Bayer Fund

Grant Helps Bring Internet Safety Presentations to Local Schools

 

Beaver County Victim Services 4

Tofield, Alberta – When someone is experiencing a crisis, Beaver County Victim Services (BCVS) staff and volunteer advocates are there to provide free and confidential support in whatever way they can.

Working under the guidance and direction of the RCMP detachments of Tofield and Viking, BCVS’ goal is to limit the impact of crime or tragedy through information, referral, support, assistance, community liaison, and education.  One way in which BCVS is educating community members is through a recent program that provided internet safety presentations to all of the schools in Beaver County. The 13 presentations were given by Saffron Centre, a non-profit organization that provides support and assistance to victims of sexual violence.

Beaver County Victim Services 3

“Normally, our program is set up to be very reactive,” says Carmen Nachtigall, program manager at BCVS. “We get called after something happens and we go out. In this case, we were able to be proactive. Saffron Centre gave one-hour presentations to each of the schools for each age group. The content was age-appropriate and touched on internet safety as it relates to things like Instagram, Snapchat, Facebook, and gaming.”  Nachtigall says the $2,500 grant from Bayer Fund’s Canada’s Farmers Grow Communities (CFGC) program is what allowed BCVS to partner with Saffron Centre to offer the presentations to local schools. She notes that school budgets don’t always have room for specialized programs like the internet safety presentations.

“The teachers and principals were very grateful that we were able to bring these presentations to the schools,” she says. “They said that some of the kids changed their phone settings immediately after the presentations. And some of the schools have actually booked Saffron Centre on their own to come out to speak to parents.”

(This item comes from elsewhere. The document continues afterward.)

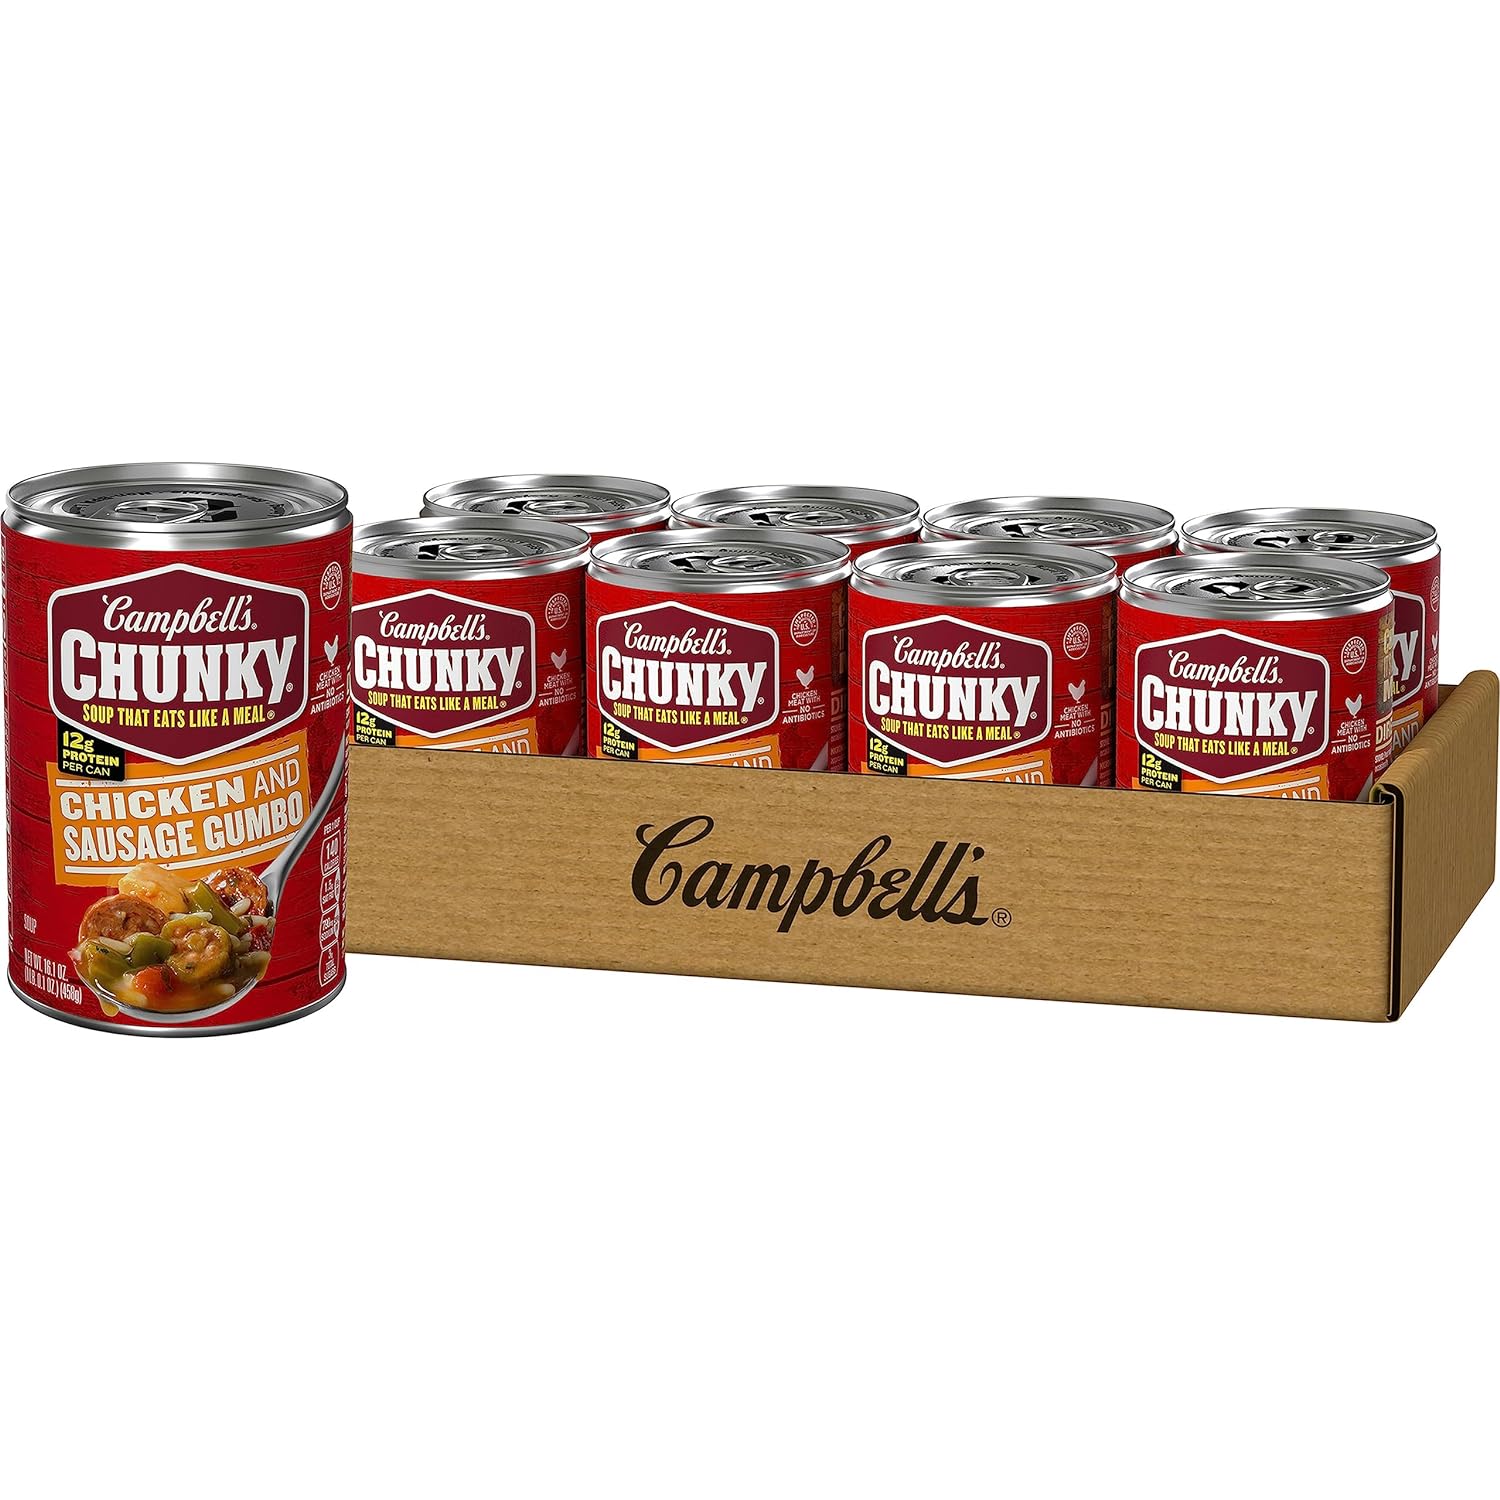 8-Count 16.1-Oz Campbell’s Chunky Soup: Chicken & Sausage Gumbo $11.61 ($1.45 each), Spicy Chicken Noodle $11.74 ($1.47 each), More w/ S&S + Free Shipping w/ Prime or on $35+

When BCVS staff and volunteers found out they would be receiving the grant, they were elated, says Nachtigall, because it gave them the opportunity to bring awareness and start a conversation about internet safety in the community.  Nachtigall believes all non-profit organizations should take advantage of available grants wherever possible. She says she has already been telling other victim services units about the CFGC grant because she knows it can be a challenge to find funding for essential programming to help the community.